> [Problem to work on]
A word-for-word copy of the data, pictures excluded, is what this task asks for.

> [Dataset extract]
##############################

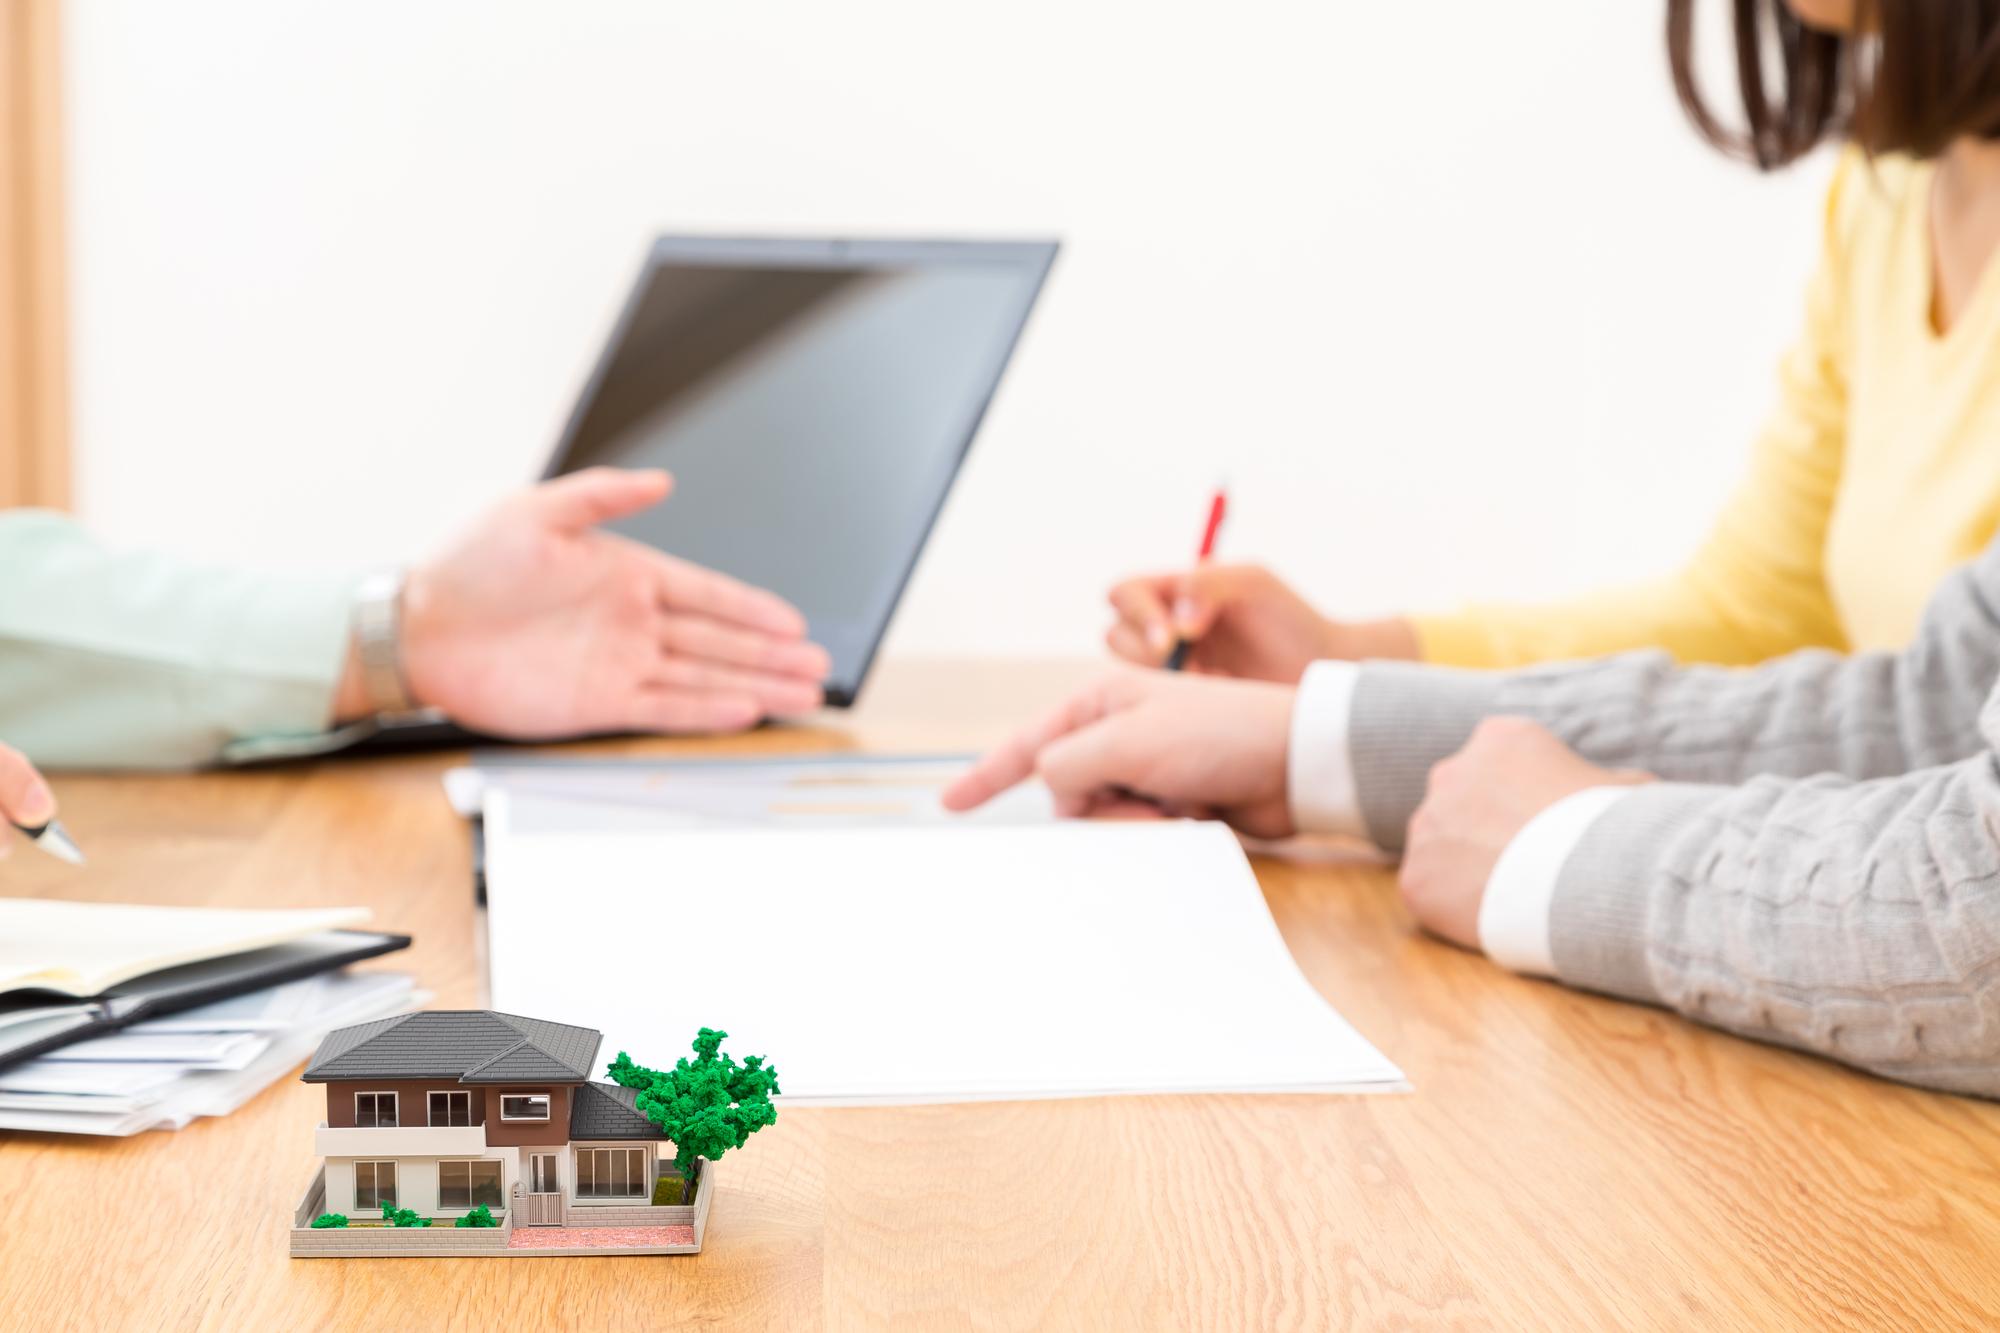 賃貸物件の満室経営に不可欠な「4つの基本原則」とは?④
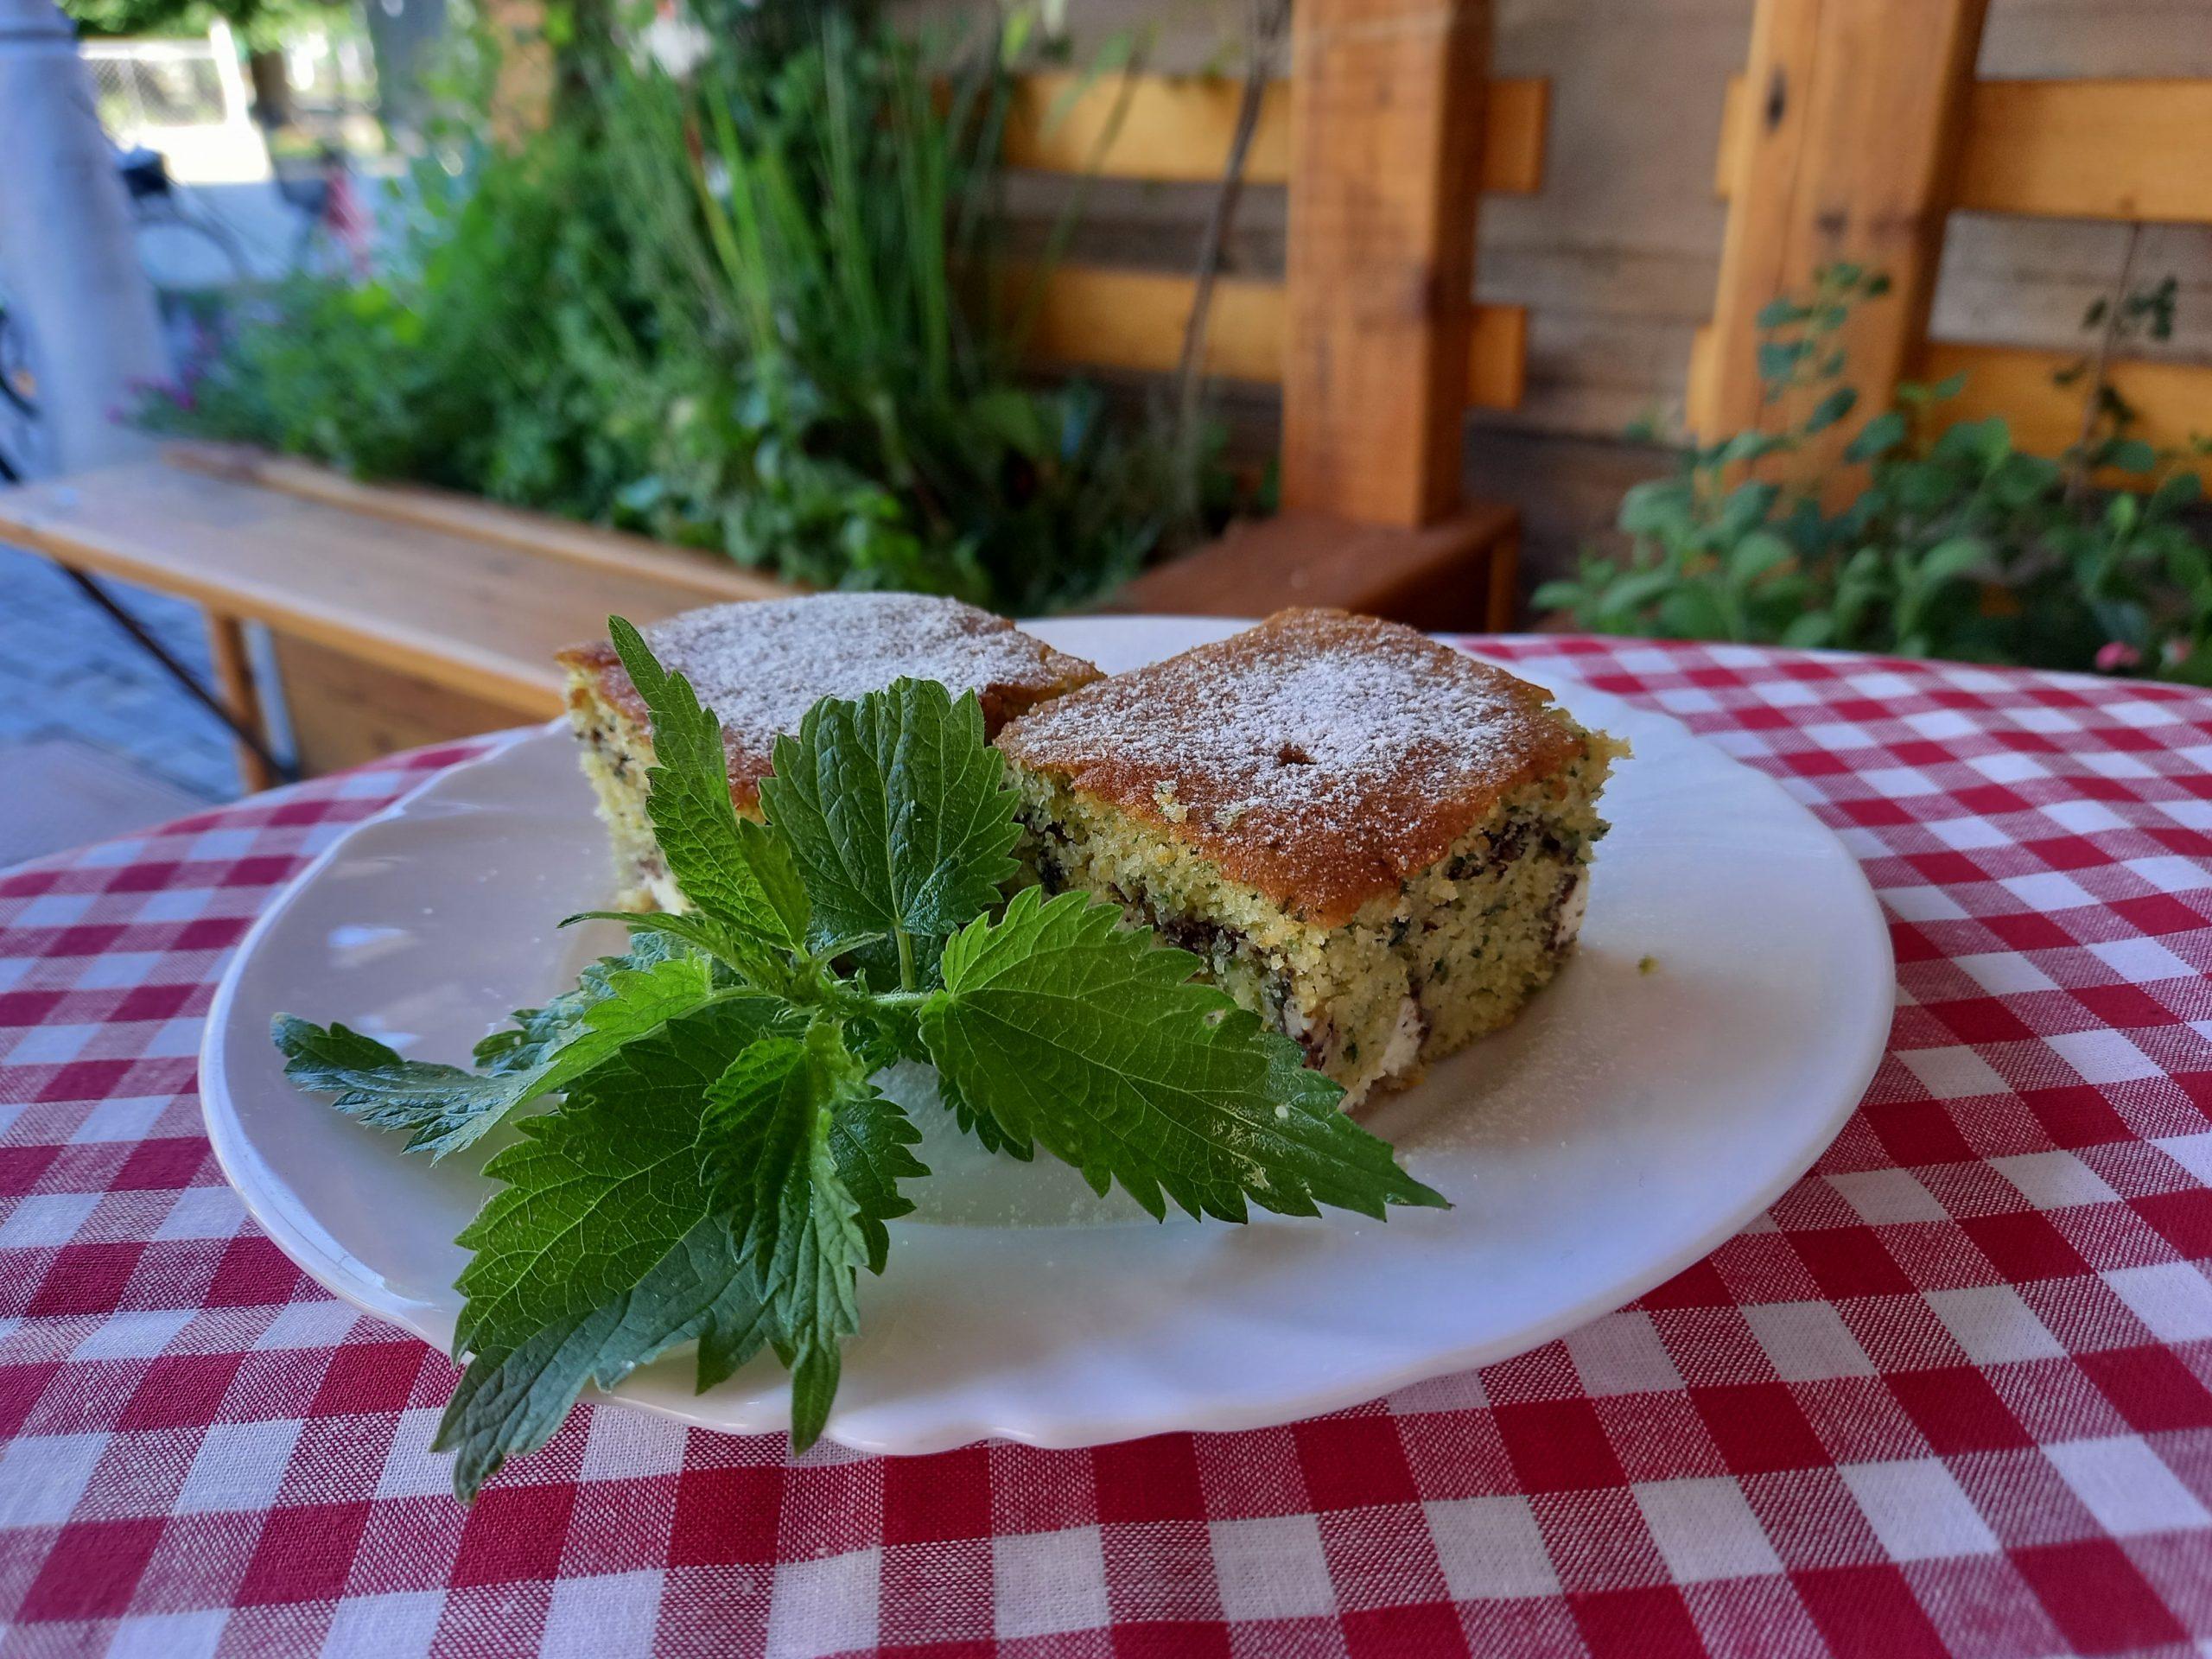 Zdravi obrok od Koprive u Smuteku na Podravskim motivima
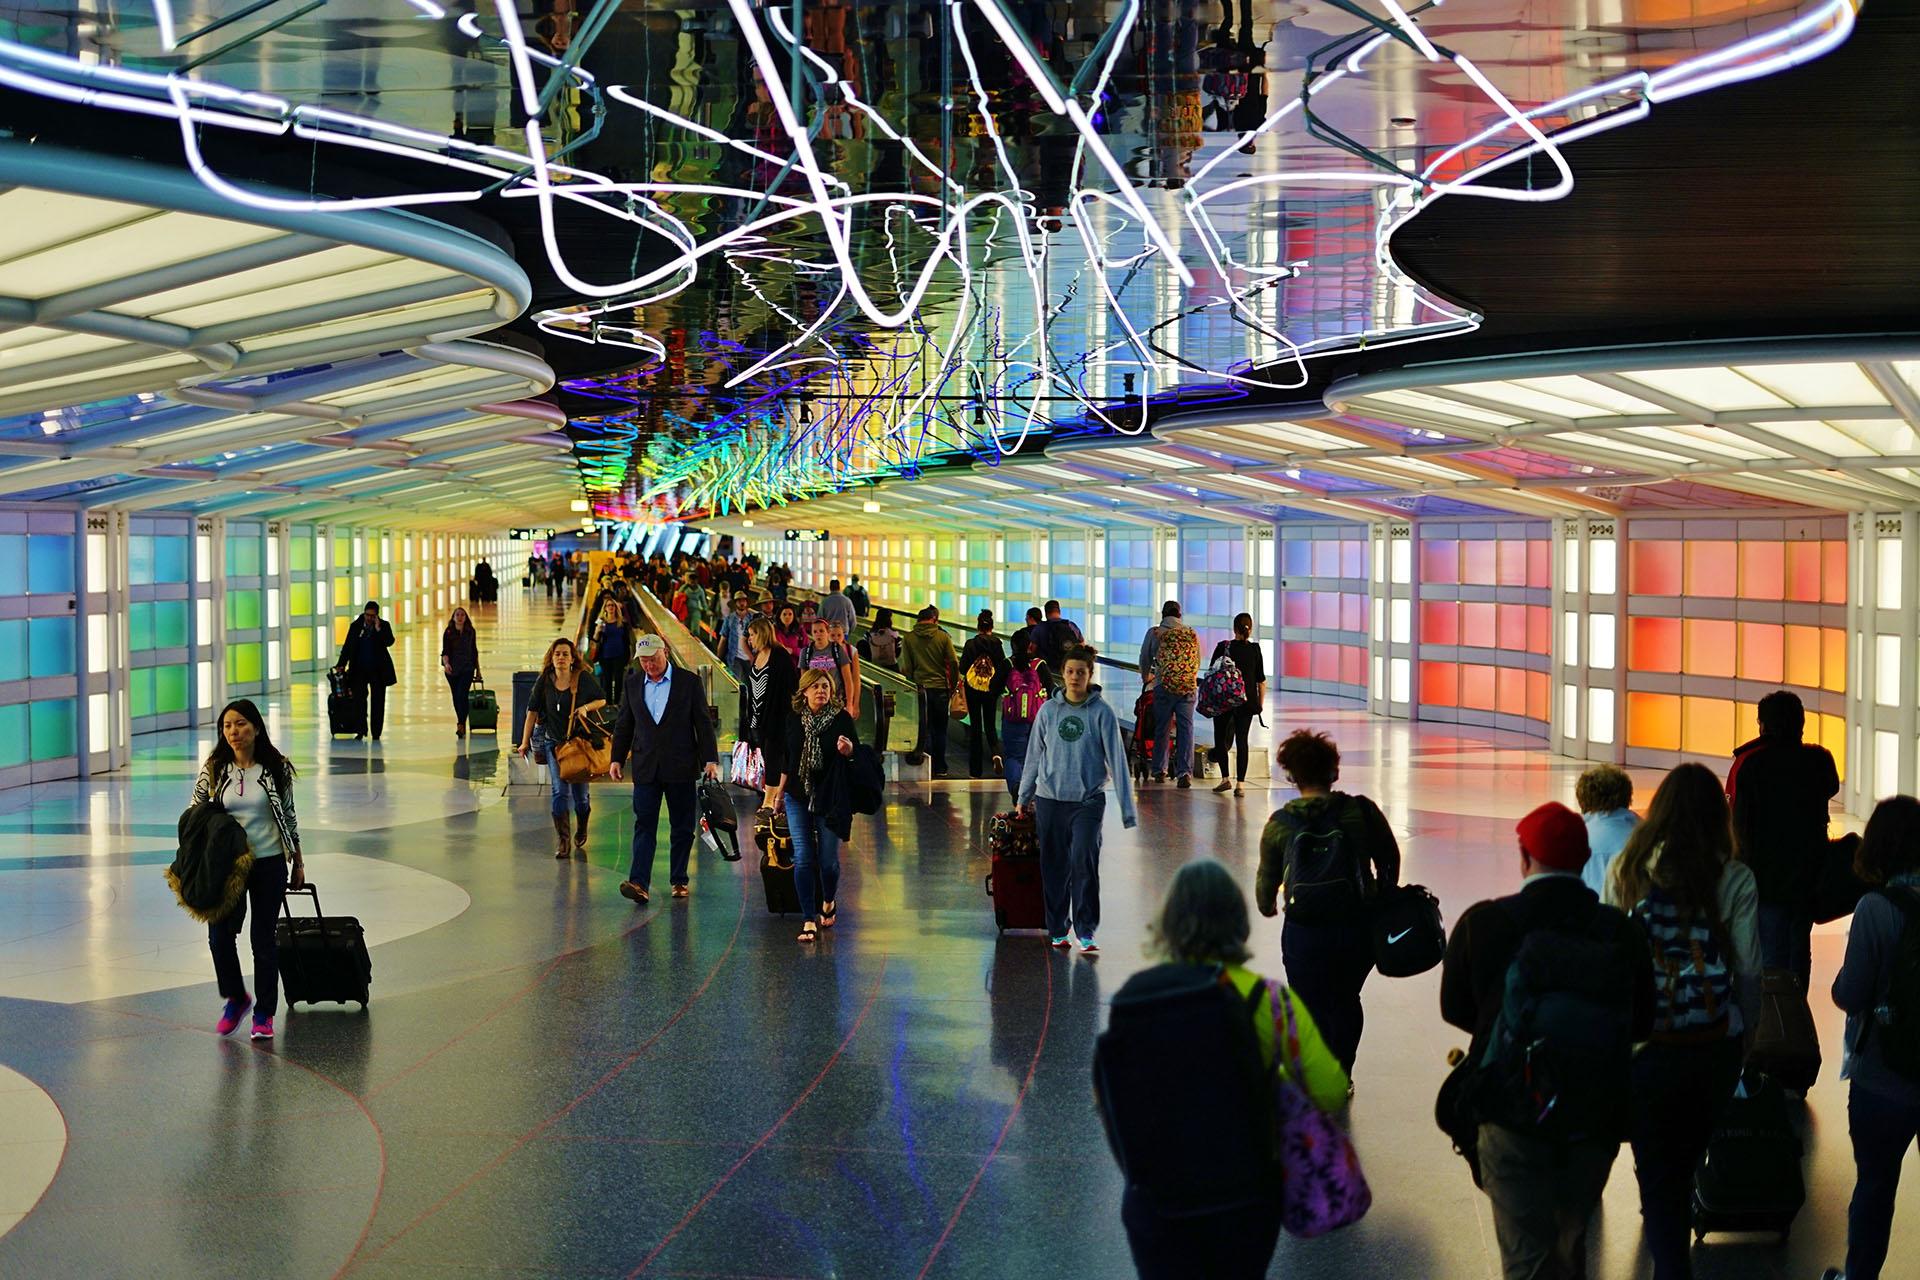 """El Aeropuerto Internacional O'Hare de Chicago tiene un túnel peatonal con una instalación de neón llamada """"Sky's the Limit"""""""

##############################

> [Written solution]
 賃貸物件の満室経営に不可欠な「4つの基本原則」とは?④
 Zdravi obrok od Koprive u Smuteku na Podravskim motivima
 """El Aeropuerto Internacional O'Hare de Chicago tiene un túnel peatonal con una instalación de neón llamada """"Sky's the Limit"""""""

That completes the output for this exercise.